Over the forthcoming years, the trend towards intensified cloud integration in the cybersecurity sector will radically reshape the market, resulting in the emergence of giants from the new generation. Zscaler, a pioneering cloud-based cyber company, epitomizes this trend. With Wall Street's IPO window reopening, Israeli company Wiz, operating in cloud cybersecurity, is poised for its colossal IPO, having already secured a valuation of $10 billion in its most recent fundraising round.
It's still premature to ascertain whether "cloud" categories will mirror the fragmentation of the traditional cybersecurity market or whether dominant players will vie to reinforce their positions through startup acquisitions. Currently, the cloud race is well underway and propelled by established entities that now recognize that a transformation they were questioning over the past five years has materialized with greater force than anticipated—the migration of data and assets to the cloud, accompanied by corresponding attacks.
Related articles:
The count of applications developed in the cloud and currently operational within organizations—500 million—is rising, despite most applications still being grounded in conventional physical infrastructure. Some 33 million developers continually introduce new features to these new applications. According to Palo Alto, an average organization uses 100 applications today, catering to commercial and internal needs alike. In the near future, as AI tools assume an increasingly substantial role in code development, the application count will surge further.
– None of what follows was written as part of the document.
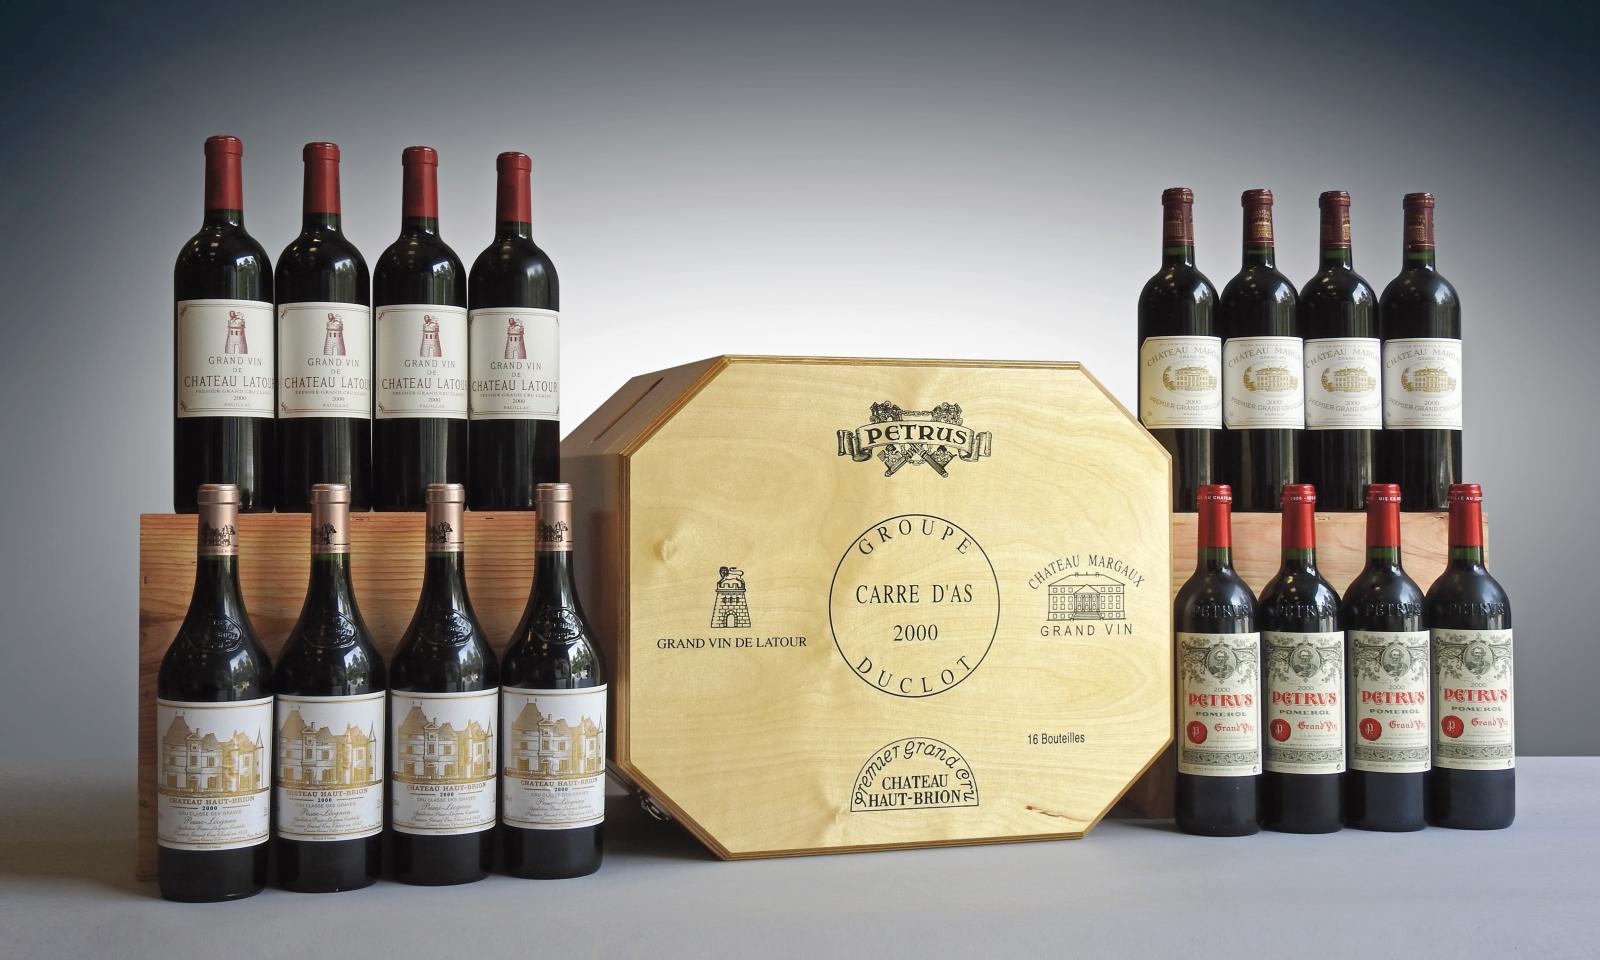 Initiées par le groupe Duclot, l’un des plus importants négociants de grands vins de Bordeaux, les caisses Carré d’as comportent quatre bouteilles de 
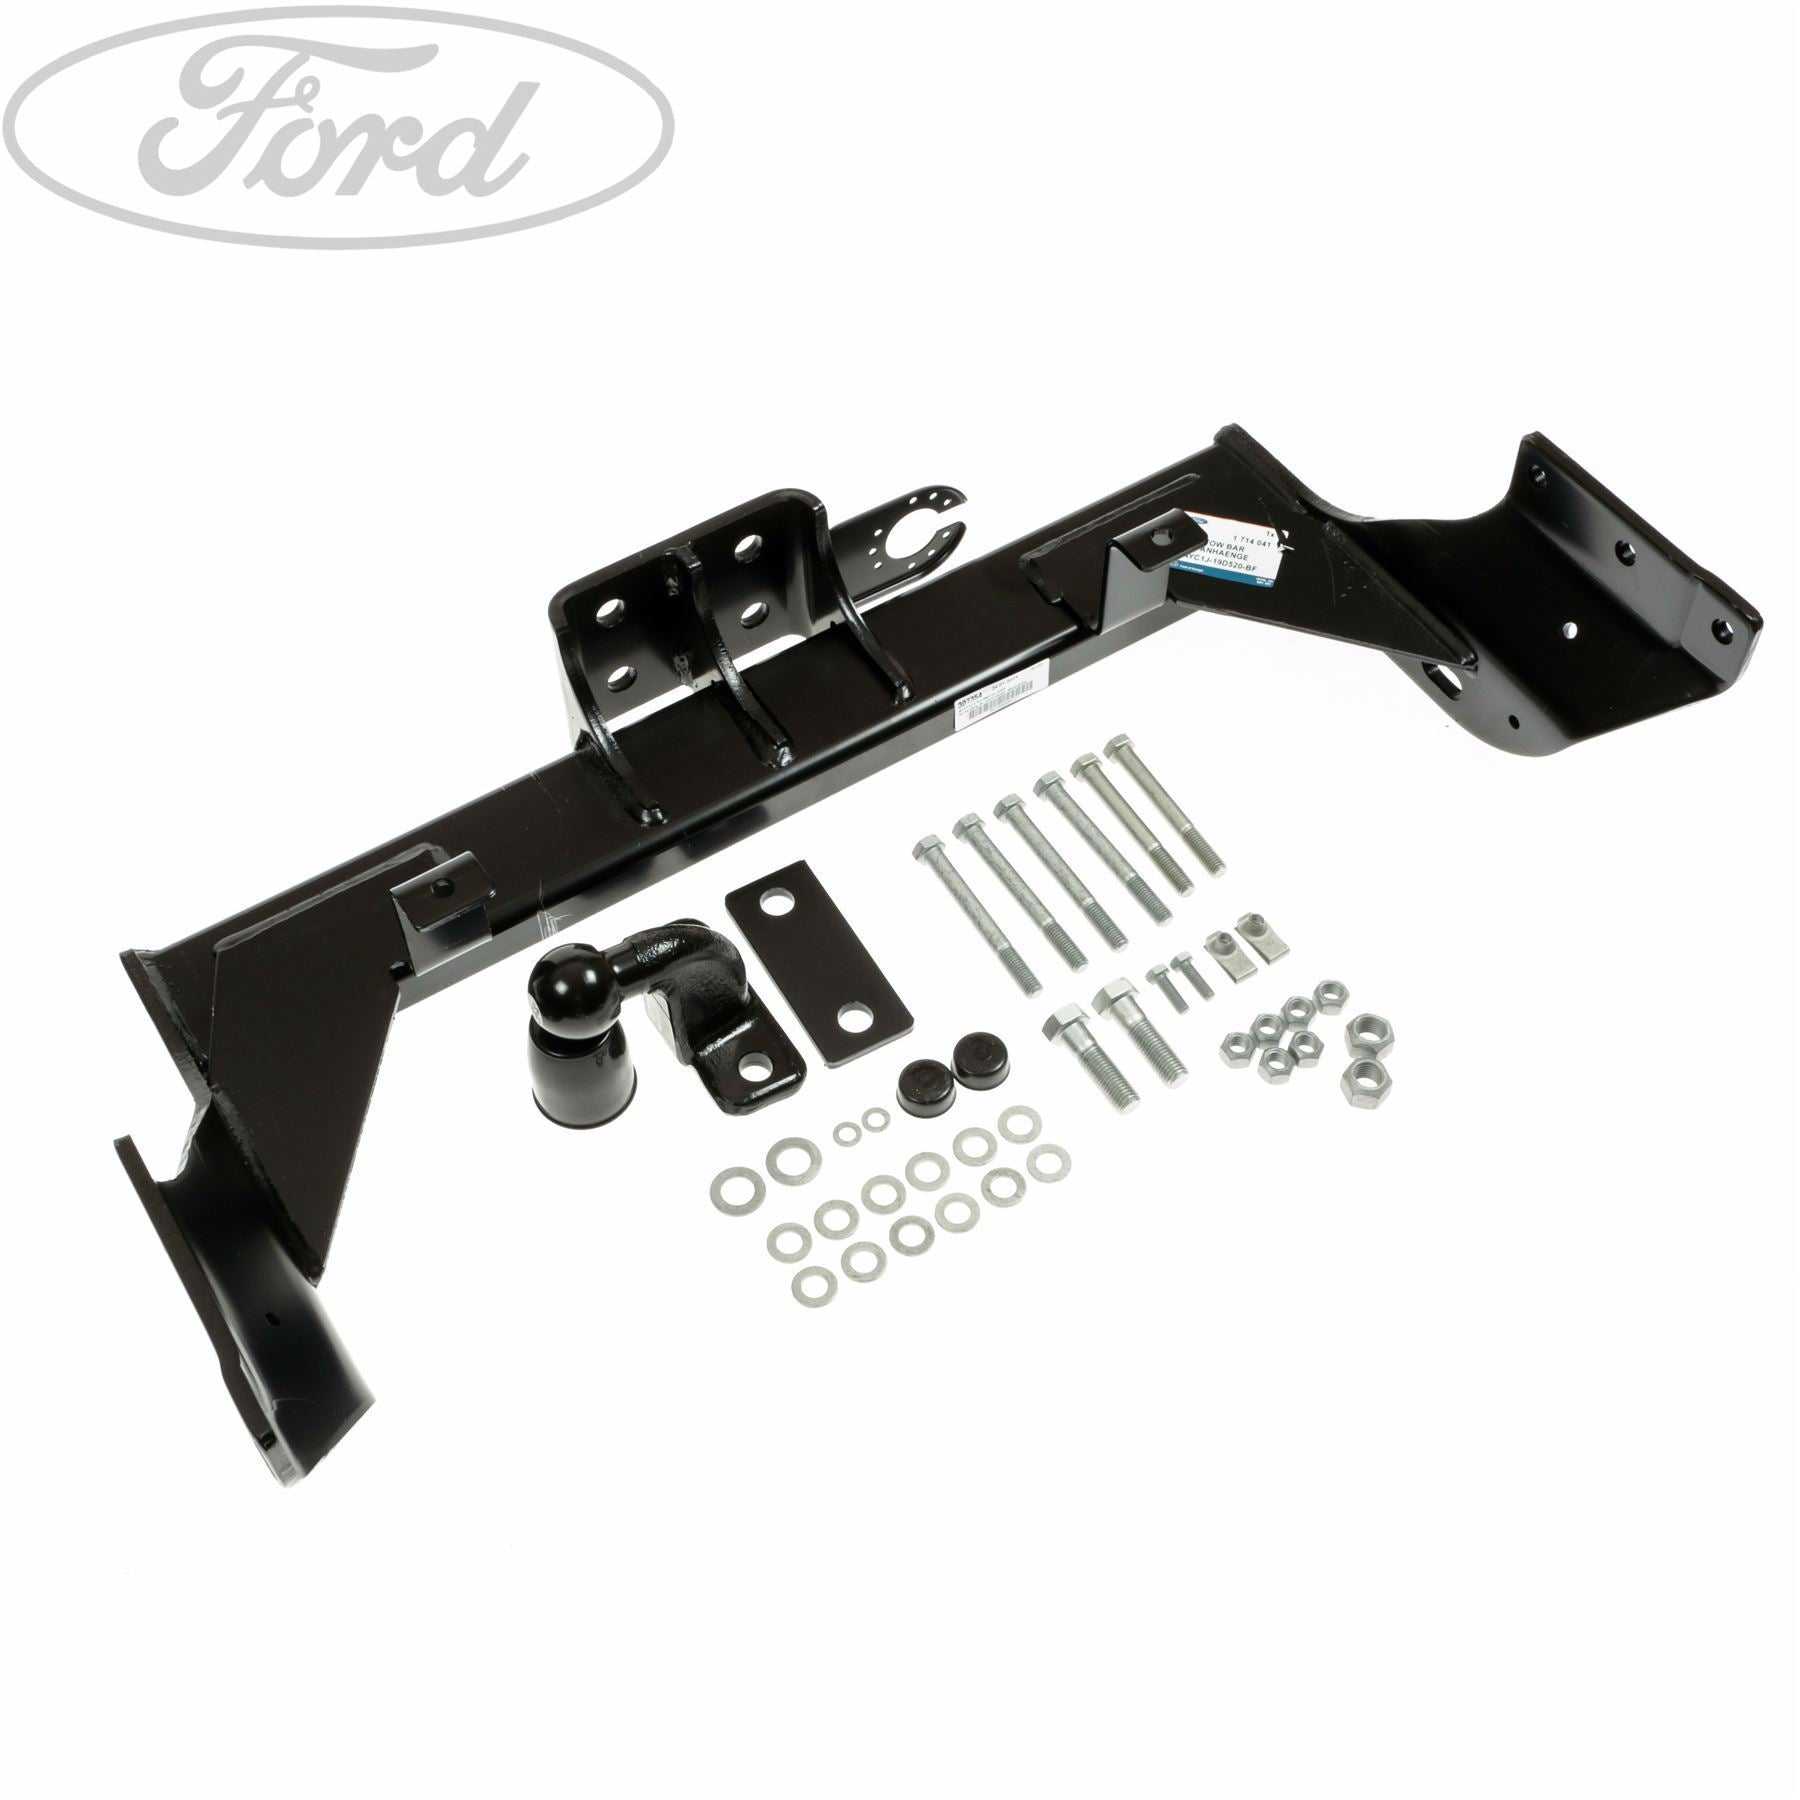 Ford, TRANSIT TOW BAR BRACKET KIT 2000-2006

Doubts about the pace of cloud development have been cast aside, best illustrated by the Secure Access Service Edge (SASE) sector. Recently, Check Point made headlines by acquiring Perimeter 81, an Israeli company specializing in this sector, for $490 million —the second-largest purchase in Check Point's history.
To fathom Check Point's decision, one must peruse the slides that Palo Alto offers outlining the secure remote connection of employees to corporate cloud applications. The SASE category, which integrates security solutions, achieved a billion-dollar order rate at Palo Alto in 2023. Importantly, Palo Alto does not hold the dominant position within this segment.
Just last week, Gartner, a leading research company, dubbed Palo Alto the premier solution in the market sub-category of single-vendor providers of SASE. In the integrated system category, Zscaler reigns supreme. Shlomo Kramer's Israeli Cato Networks, the category's progenitor, is characterized as a challenger—rapidly growing and posing a threat. Remarkably, Check Point was excluded from this ranking due to limited adoption of its solutions in the sector, which has expanded by 60%, justifying its strategic decision to make substantial investments.